FDR, ever the media-savvy politician, began to treat these speeches like things worthy of every American’s notice. At a time when more than 40 percent of Americans owned a radio, FDR had taken something modest and turned it into something epic. By 1940, 83 percent of Americans would own a radio, basically ensuring that the mass-media reach of the State of the Union meant that it was just as much for people at home as it was for the people in Washington.
(It’s worth noting, by the way, that FDR’s New Deal programs brought electricity to many rural parts of the country—a phenomenon that helped radio’s uptake.)
From there, things only got crazier: In 1947, Harry Truman brought the speech to television, and in 1965, Lyndon Johnson made it a prime-time affair. The rise of CNN (and later, Fox News) turned the SOTU into a political sport. Bill Clinton started livestreaming it online in 1997. Barack Obama mixed his live speeches with detailed infographics.
And, eventually, people found Twitter, and now, to put it in the nicest terms possible, it’s a total shitshow. Nonetheless, it's still be fun to watch.
Five defining SOTU moments
- Perhaps the greatest individual moment in State of the Union history came in 1941, when FDR introduced his “Four Freedoms”—freedom of speech, freedom to worship, freedom from want, and freedom from fear. Coming as it did as a World War was breaking out, the impact of the speech was massive. Here’s a PDF featuring some of the early drafts of this section of the speech.
- In 1974’s State of the Union address, Richard Nixon told the audience—both in Congress and at home—that “one year of Watergate is enough.” But it wasn’t enough, and eight months later, Nixon would resign.
- The next year, Nixon’s replacement, Gerald R. Ford, offered up a fairly humanizing line near the beginning of his speech: “I must say to you that the state of the Union is not good.” It was a riff on a line by Harry Truman in his 1949 speech, but the dramatic flip gave it a much more lasting impact.
- George W. Bush, just a few months after the September 11th attacks changed everything, used the term “Axis of Evil” to refer to North Korea, Iraq, and Iran—three countries that, as far as we know, had nothing to do with the 9/11 attacks. Here’s David Frum, the speechwriter who coined the phrase in 2002, defending his work.
- And just for kicks, the 1985 Democratic response to the State of the Union, which is ‘80s-tastic and gave America its first up-close look at Bill Clinton. (Most SOTU responses are awful, but at least this one had a Genesis soundtrack.) Clinton had a great one-liner of his own in 1996, when he announced that “the era of big government is over.” It wasn’t, but good effort.

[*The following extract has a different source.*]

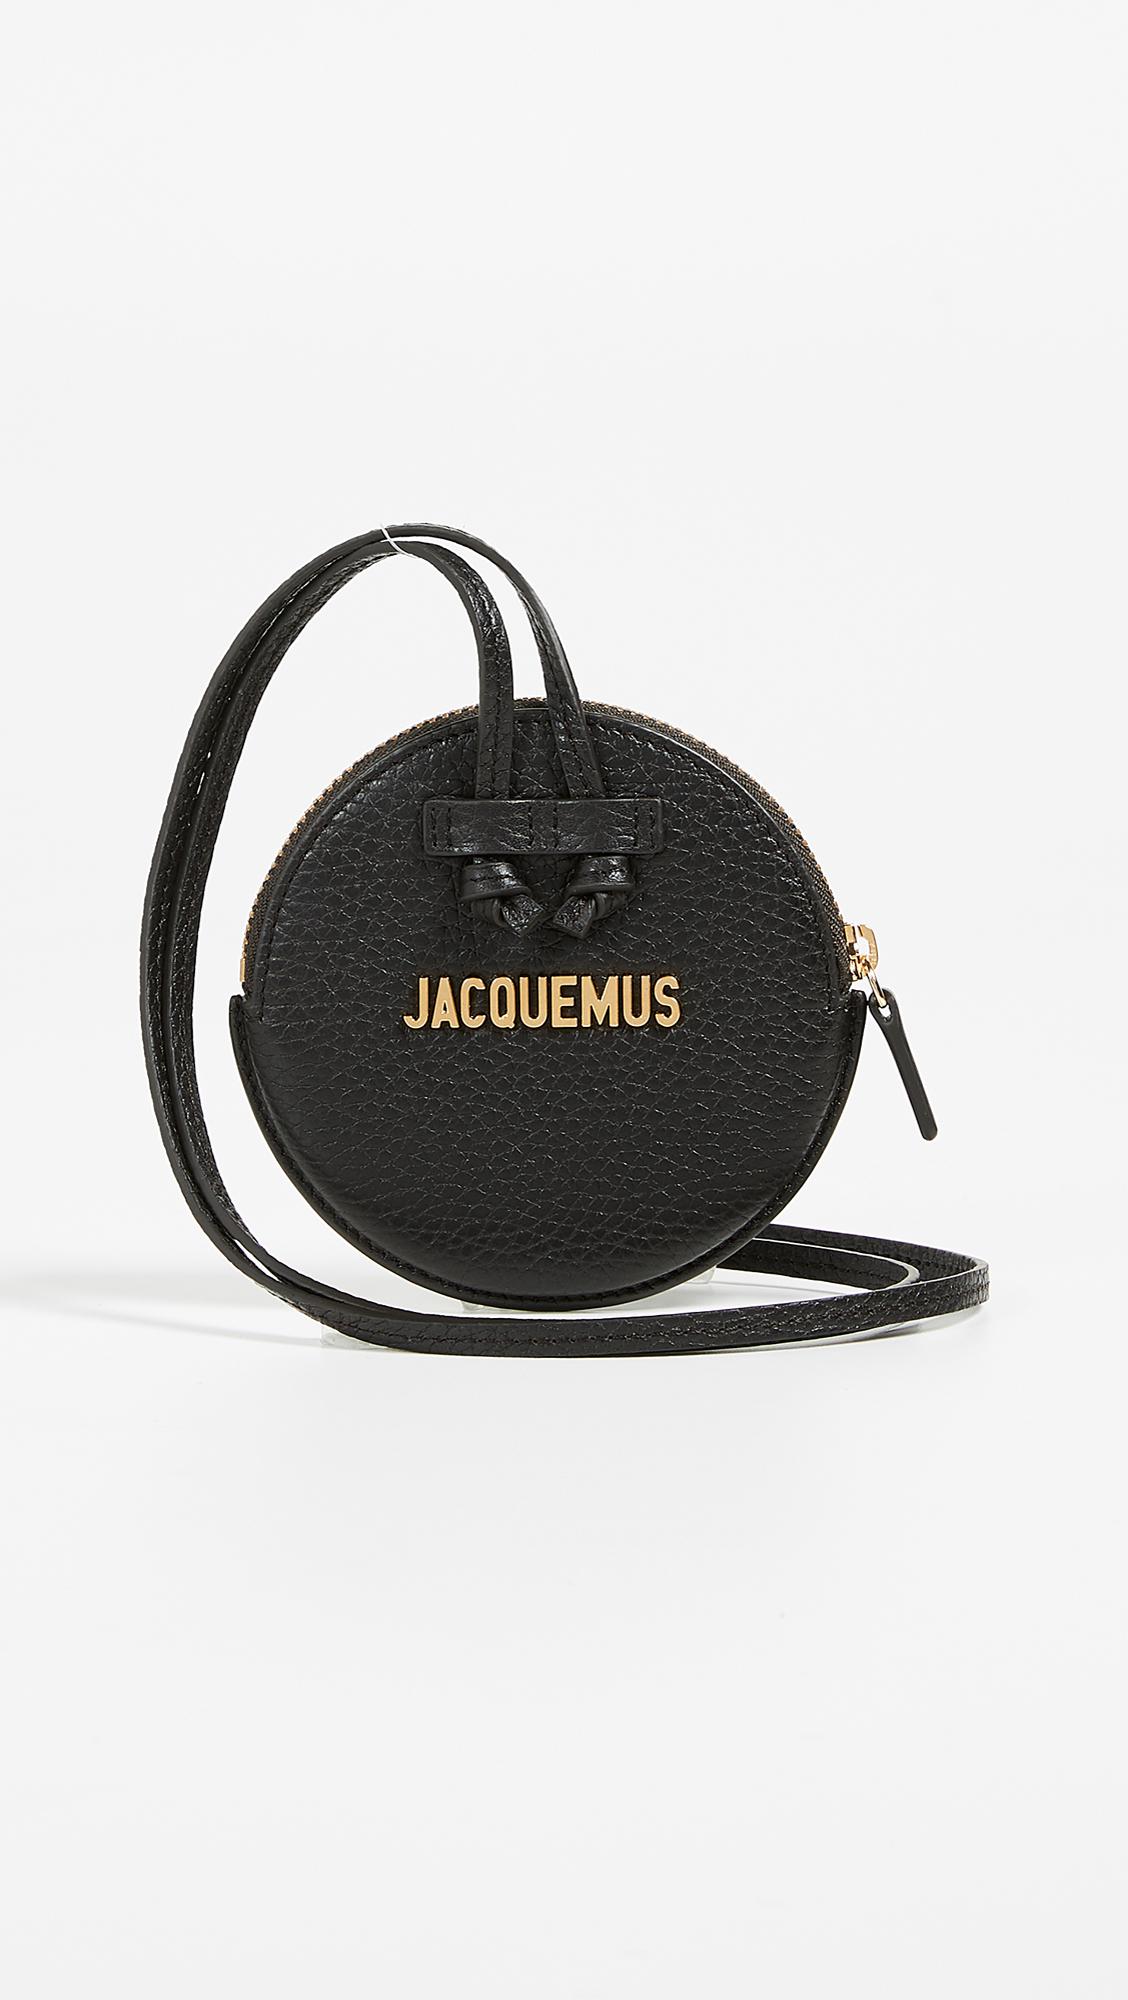 Jacquemus Le Pitchou Leather Coin Purse in Black - Lyst

The first year that opposition parties gave televised responses to the State of the Union address. With Johnson giving his speeches at night all of a sudden, opposing parties needed to get their points of view in.
The number of State of the Union response-givers that eventually themselves became president—Gerald Ford (1966, the first year), George H.W. Bush (1967), and Bill Clinton (1985). A lot of wannabe presidential candidates have tried to do the same—some of whom got thirsty during the speech.
The State of the Union is a long speech, and it covers so many things that we forget most of the details about it within a week, if not within a day. But it's a great tradition, and one that’s perfect for drinking games, making fun of the weird relationship between Joe Biden and John Boehner, and tweeting random jokes that will be quickly forgotten about or turned into Twitchy posts that will be forgotten about even quicker.
As the half-lives on our news cycles decay ever so quickly, will the speech’s impact fade away over time? We'll leave that question to history. For now, bottoms up.